= TASK TO COMPLETE =
Word for word, restate the line containing "Vw Volkswagen Beetle" and all the lines that come after it in the entries below. Include nothing from before it.

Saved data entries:
========================

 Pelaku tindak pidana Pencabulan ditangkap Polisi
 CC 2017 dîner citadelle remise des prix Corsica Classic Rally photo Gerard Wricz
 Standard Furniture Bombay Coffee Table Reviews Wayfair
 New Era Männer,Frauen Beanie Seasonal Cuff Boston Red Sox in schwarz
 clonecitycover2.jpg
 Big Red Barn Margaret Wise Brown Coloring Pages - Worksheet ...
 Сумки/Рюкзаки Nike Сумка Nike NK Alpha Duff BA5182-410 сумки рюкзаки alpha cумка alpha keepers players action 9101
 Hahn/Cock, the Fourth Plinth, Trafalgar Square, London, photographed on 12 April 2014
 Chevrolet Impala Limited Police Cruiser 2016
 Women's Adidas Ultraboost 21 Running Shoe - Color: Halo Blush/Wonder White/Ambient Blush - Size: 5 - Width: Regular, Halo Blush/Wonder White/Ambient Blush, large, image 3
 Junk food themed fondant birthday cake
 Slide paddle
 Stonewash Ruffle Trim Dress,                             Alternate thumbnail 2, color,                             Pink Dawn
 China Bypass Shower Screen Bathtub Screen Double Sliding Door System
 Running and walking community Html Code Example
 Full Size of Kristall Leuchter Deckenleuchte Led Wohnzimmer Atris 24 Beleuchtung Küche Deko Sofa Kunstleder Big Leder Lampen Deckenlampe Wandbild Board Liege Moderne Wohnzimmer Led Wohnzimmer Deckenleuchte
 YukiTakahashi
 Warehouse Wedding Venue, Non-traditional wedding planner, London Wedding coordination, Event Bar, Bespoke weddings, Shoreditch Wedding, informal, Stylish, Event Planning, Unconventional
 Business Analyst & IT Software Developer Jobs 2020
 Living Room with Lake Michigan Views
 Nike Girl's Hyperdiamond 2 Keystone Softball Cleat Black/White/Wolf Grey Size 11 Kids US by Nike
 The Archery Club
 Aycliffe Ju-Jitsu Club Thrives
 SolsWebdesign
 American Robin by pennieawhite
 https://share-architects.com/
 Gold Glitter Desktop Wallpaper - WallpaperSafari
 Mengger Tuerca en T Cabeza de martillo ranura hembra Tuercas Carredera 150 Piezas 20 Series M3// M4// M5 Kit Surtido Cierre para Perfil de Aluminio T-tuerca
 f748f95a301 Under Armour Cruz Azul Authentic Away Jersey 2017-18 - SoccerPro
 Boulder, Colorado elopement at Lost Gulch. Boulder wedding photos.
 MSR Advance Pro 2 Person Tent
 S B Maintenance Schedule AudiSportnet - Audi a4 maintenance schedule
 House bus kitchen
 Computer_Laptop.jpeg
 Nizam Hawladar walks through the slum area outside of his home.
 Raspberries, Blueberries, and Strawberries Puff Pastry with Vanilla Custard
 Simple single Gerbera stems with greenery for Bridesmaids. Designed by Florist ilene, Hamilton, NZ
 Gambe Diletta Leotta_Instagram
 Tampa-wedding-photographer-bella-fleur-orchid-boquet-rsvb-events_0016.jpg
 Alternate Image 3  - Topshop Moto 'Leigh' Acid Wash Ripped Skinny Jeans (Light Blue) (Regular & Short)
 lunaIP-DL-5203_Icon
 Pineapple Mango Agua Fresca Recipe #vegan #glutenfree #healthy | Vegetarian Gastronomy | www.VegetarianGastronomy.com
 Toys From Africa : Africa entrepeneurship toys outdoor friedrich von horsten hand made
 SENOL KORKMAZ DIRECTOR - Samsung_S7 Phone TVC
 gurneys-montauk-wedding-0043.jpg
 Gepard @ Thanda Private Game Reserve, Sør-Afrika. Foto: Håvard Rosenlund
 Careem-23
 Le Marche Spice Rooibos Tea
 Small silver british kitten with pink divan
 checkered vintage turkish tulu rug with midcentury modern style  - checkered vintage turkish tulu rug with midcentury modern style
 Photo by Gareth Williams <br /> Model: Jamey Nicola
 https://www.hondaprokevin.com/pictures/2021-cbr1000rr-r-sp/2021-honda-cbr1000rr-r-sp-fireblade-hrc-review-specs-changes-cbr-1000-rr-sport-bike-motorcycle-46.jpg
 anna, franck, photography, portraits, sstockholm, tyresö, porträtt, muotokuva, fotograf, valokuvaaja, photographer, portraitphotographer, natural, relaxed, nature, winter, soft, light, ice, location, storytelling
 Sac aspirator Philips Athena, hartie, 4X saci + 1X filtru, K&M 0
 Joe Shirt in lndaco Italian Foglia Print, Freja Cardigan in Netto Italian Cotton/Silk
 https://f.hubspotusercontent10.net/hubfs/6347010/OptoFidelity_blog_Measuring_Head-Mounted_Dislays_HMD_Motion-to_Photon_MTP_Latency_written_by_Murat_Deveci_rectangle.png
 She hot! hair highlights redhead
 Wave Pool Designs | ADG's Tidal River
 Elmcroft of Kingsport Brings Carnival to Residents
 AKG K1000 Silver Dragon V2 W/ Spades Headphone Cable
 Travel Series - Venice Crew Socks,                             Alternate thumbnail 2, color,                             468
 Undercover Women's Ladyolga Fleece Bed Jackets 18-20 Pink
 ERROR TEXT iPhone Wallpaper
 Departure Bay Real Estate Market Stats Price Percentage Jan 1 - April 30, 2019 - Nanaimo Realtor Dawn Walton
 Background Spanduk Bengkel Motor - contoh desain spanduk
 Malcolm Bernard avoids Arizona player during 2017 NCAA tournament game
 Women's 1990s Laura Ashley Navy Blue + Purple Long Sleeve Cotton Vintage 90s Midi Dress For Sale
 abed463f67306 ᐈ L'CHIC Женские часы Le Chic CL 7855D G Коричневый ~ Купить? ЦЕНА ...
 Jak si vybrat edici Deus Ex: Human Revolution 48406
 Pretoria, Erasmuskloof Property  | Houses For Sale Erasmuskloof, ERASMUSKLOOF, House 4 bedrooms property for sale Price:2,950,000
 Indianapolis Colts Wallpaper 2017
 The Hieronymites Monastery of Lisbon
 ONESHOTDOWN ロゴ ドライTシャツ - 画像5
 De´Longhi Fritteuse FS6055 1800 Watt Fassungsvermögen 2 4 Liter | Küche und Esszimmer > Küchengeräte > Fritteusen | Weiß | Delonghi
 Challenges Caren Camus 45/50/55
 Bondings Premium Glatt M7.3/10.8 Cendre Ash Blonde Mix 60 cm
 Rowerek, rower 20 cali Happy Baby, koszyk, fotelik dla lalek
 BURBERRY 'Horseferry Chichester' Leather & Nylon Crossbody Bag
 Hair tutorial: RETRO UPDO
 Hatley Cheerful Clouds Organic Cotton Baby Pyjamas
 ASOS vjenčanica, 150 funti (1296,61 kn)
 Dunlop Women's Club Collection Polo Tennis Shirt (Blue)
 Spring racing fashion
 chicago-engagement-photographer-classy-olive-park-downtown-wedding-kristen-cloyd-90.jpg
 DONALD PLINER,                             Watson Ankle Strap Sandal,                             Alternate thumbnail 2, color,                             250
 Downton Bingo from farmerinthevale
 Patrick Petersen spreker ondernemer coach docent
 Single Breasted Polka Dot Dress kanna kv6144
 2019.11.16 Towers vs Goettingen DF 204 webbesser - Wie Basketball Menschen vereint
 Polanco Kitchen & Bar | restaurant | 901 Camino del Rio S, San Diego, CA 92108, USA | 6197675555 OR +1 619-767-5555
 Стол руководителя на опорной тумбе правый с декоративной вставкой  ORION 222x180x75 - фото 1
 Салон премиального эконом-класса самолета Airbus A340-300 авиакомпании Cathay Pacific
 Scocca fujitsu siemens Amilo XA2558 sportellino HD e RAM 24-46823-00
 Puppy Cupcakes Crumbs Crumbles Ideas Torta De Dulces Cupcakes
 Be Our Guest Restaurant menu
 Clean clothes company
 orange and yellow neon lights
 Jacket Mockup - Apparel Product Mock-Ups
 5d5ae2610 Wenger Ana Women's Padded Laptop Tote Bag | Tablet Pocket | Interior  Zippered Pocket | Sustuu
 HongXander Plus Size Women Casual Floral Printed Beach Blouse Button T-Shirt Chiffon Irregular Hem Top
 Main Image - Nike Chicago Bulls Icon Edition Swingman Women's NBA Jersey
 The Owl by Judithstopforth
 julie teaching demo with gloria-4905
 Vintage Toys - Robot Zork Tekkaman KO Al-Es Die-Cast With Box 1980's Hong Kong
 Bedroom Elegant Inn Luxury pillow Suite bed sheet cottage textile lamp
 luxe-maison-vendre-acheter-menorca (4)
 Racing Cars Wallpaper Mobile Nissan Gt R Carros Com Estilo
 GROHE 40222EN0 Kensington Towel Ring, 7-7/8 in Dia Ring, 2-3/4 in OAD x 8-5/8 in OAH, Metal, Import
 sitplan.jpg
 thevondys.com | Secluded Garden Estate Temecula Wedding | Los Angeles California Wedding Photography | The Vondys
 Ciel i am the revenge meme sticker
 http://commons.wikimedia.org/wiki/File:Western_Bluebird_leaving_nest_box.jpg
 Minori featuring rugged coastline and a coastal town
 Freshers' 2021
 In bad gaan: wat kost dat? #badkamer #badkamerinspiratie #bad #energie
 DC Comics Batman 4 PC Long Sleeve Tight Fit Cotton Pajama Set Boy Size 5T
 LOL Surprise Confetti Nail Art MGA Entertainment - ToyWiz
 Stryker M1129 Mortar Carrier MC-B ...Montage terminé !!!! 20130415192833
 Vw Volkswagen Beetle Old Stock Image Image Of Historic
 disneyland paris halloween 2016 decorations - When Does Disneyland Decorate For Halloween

========================

= RESPONSE =
 Vw Volkswagen Beetle Old Stock Image Image Of Historic
 disneyland paris halloween 2016 decorations - When Does Disneyland Decorate For Halloween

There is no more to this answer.